En matière de prévision de recettes et de fixation des taux de contribution employeurs, c'est la direction du budget qui conserve un rôle central en liaison étroite avec les ministères employeurs .
Les relations entre la direction du budget et les ministères employeurs s'inscrivent dans le cadre général du cycle de préparation du budget.
• En février, lors de la
réunion technique préparatoire
, chaque
ministère produit pour la direction du budget une exécution des
crédits du CAS « Pensions » de l'année N-1 et
établit une prévision de ces dépenses pour l'année
N issue des documents prévisionnels de gestion. Par ailleurs, il
transmet des données relatives aux assiettes exécutées et
prévisionnelles servant à calculer les contributions employeurs
des pensions civiles et militaires.
• En mai, lors de la
conférence de
budgétisation
, les ministères fournissent des
projections pluriannuelles des assiettes servant à calculer la future
contribution employeurs dans le cadre de la préparation du projet de loi
de finances et de la programmation pluriannuelle. Les modalités de ces
projections donnent lieu à des processus d'échange d'informations
itératifs avec la direction du budget.
En année de programmation pluriannuelle, les montants du CAS « Pensions » ainsi que les taux de contribution sont fixés dans la lettre plafond. Pour les années intermédiaires, les taux donnent lieu à des ajustements portés à la connaissance des ministères employeurs, généralement lors de la phase de répartition des crédits.
• En juillet, lors de la
réunion de
répartition
, chaque ministère propose une ventilation
des dotations du CAS « Pensions » par programme (et, pour le
ministère de la défense, en distinguant les pensions civiles et
militaires), qui se fonde sur les données d'assiette transmises. Il
vérifie et, le cas échéant, renégocie en amont avec
la direction du budget que la dotation au CAS « Pensions »

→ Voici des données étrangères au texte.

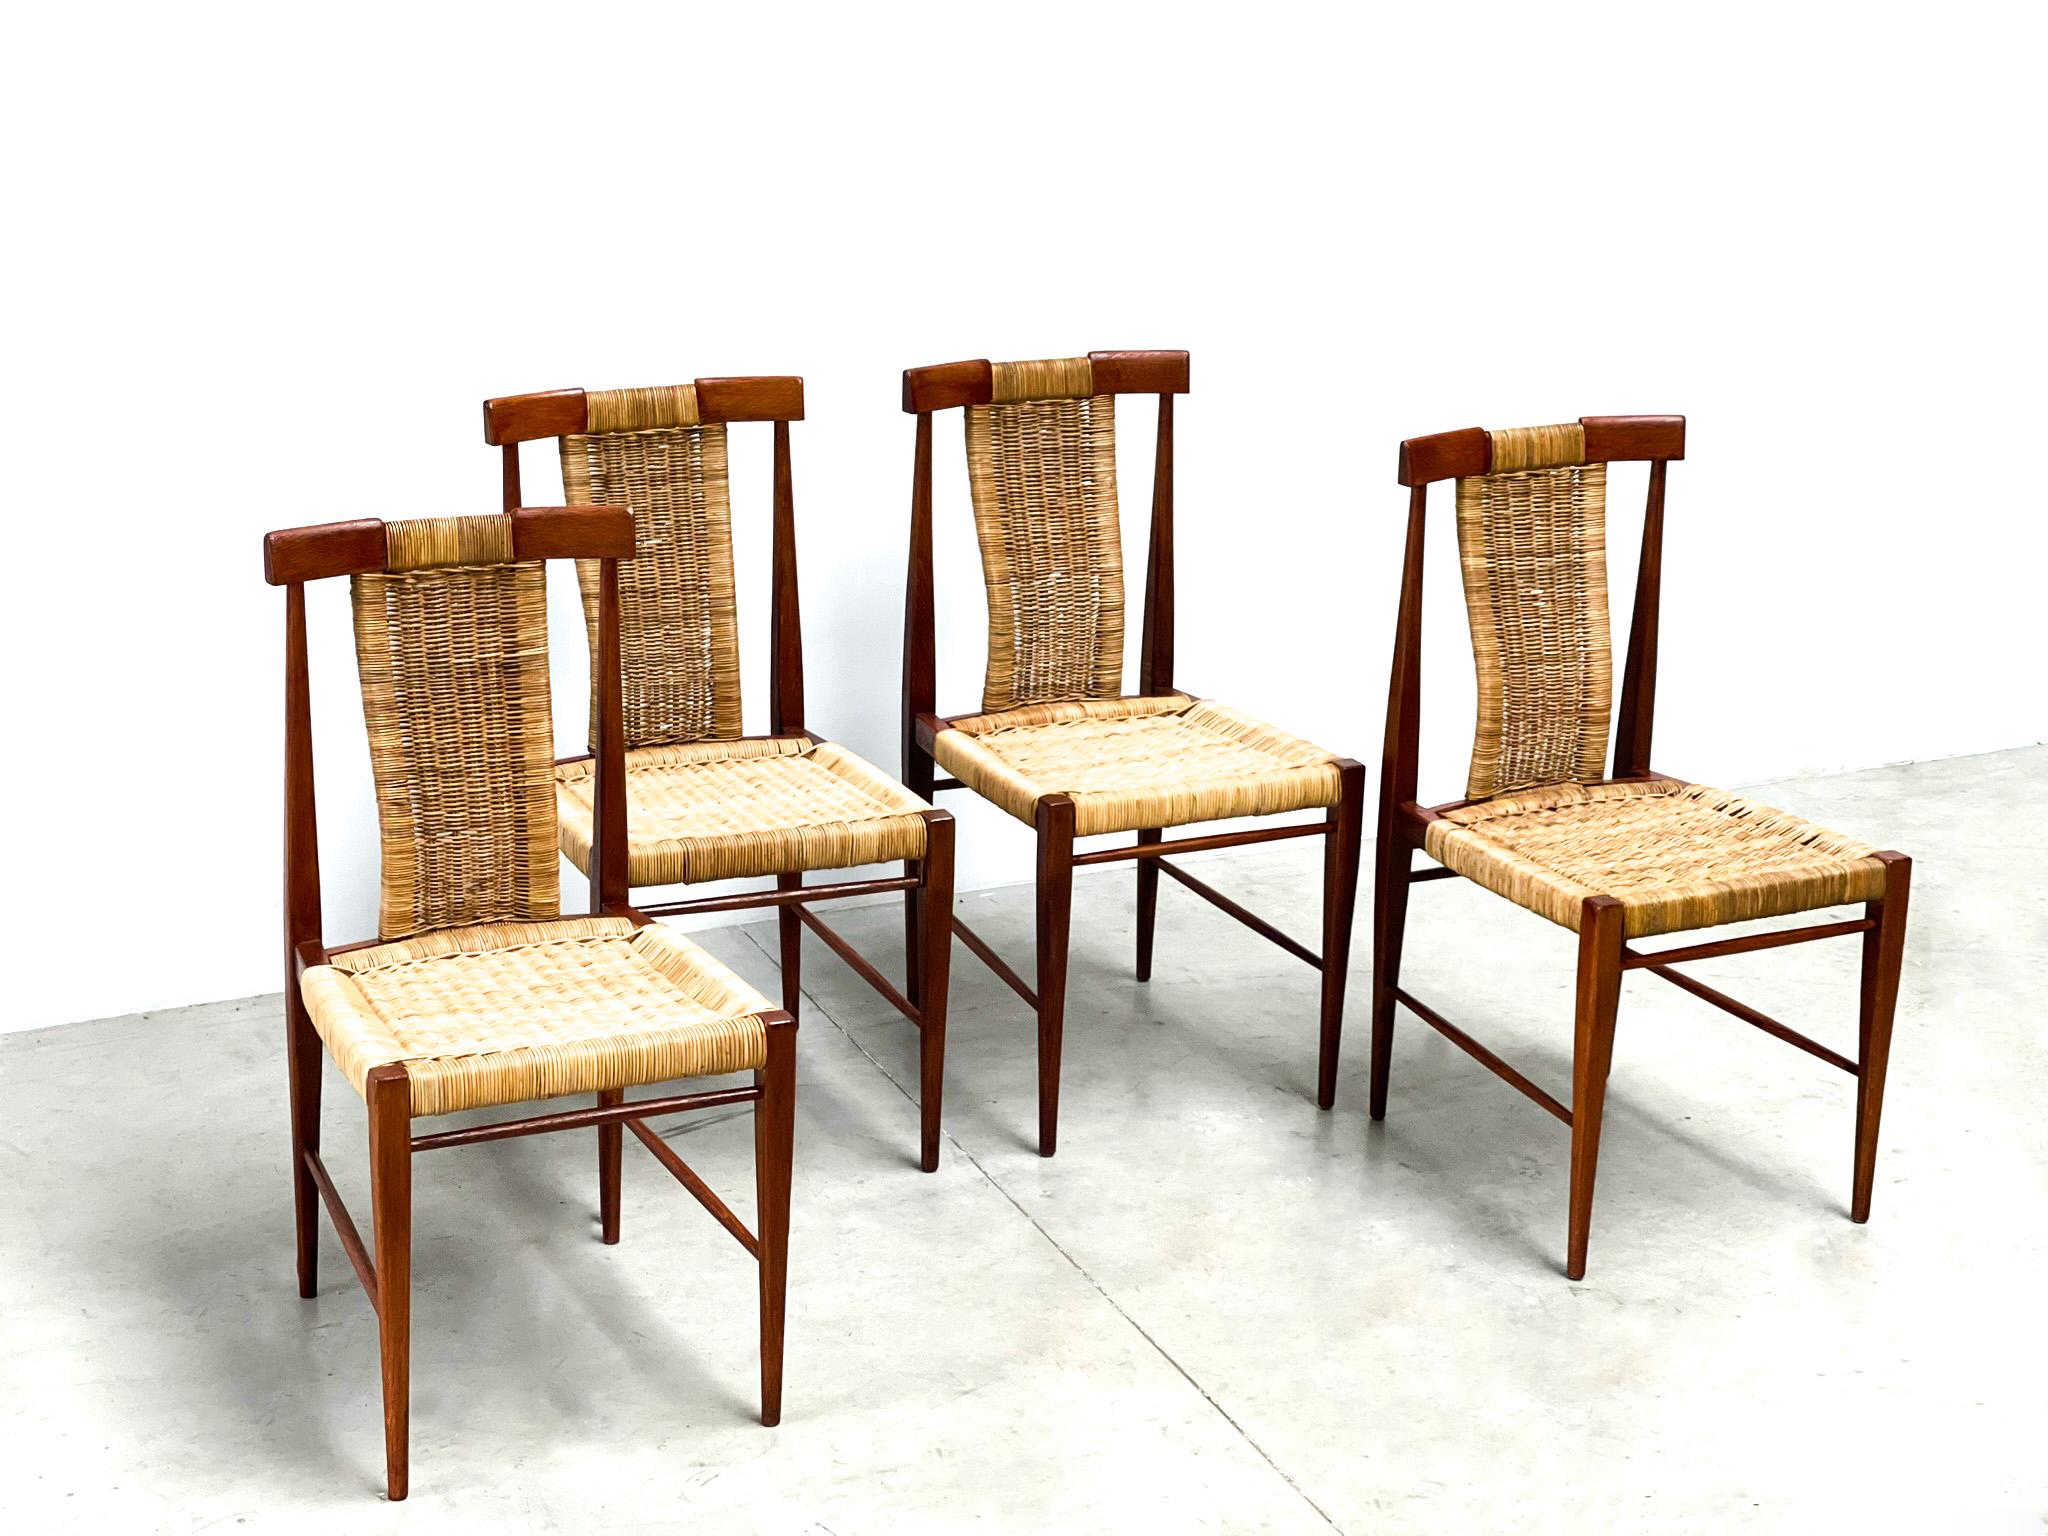 Italian Vintage Teak and Wicker Dining Chairs, 1960s For Sale

attribuée correspond bien au produit de l'assiette et du taux.
• Pendant l'examen parlementaire du budget, les
éventuels amendements portant sur les assiettes et les taux de
cotisations conduisent à une révision du montant des dotations
calculée par la direction du budget.
•
En cours de gestion
, chaque
ministère actualise au moins deux fois par an la prévision des
versements au CAS « Pensions » (la première fois,
à partir des données constatées en mai), et il la transmet
au bureau sectoriel compétent de la direction du budget. En fin
d'exercice, il communique les montants prévisionnels des versements au
CAS « Pensions » pour la fin de l'année. En cas de
besoin, il sollicite l'ouverture de crédits supplémentaires pour
pouvoir s'acquitter de ses contributions.
Les échanges entre les ministères employeurs et la direction du budget portent ainsi sur les assiettes et les dotations , en prévision et en exécution, mais pas sur les taux de contribution employeurs, arrêtés par le ministère chargé du budget pour assurer l'équilibre du CAS « Pensions ». La direction du budget communique ensuite ces taux aux ministères employeurs dans les circulaires budgétaires puis lors de la parution du décret annuel.
Lors de leurs auditions, plusieurs représentants des ministères employeurs ont observé n'être associés qu'à l'élaboration des recettes du programme 741, et pas à ses dépenses ni a fortiori à la détermination de l'équilibre du CAS .
En effet, il n'y a guère d'espace pour une « contractualisation » de ces relations, dans la mesure où les cotisations et contributions employeurs constituent , comme les autres cotisations sociales, une dépense obligatoire . Placée au coeur du réseau d'informations des ministères, la direction du budget est ainsi pleinement dans son rôle d'assurer les déterminants de l'équilibre budgétaire et, en l'occurrence, du CAS « Pensions ».
Cependant, cette séparation des rôles n'est pas de nature à sensibiliser, ni à responsabiliser les ministères sur les enjeux budgétaires liés CAS « Pensions ».
C'est pourquoi il serait utile d'envisager, a minima , une meilleure insertion des ministères employeurs dans les dispositifs d'alerte sur les écarts apparaissant, en gestion, avec les prévisions de recettes et de dépenses, et que révèle le suivi de la masse salariale.
c) Le suivi de la masse salariale : pour un partage du dispositif d'alerte avec les ministères employeurs ?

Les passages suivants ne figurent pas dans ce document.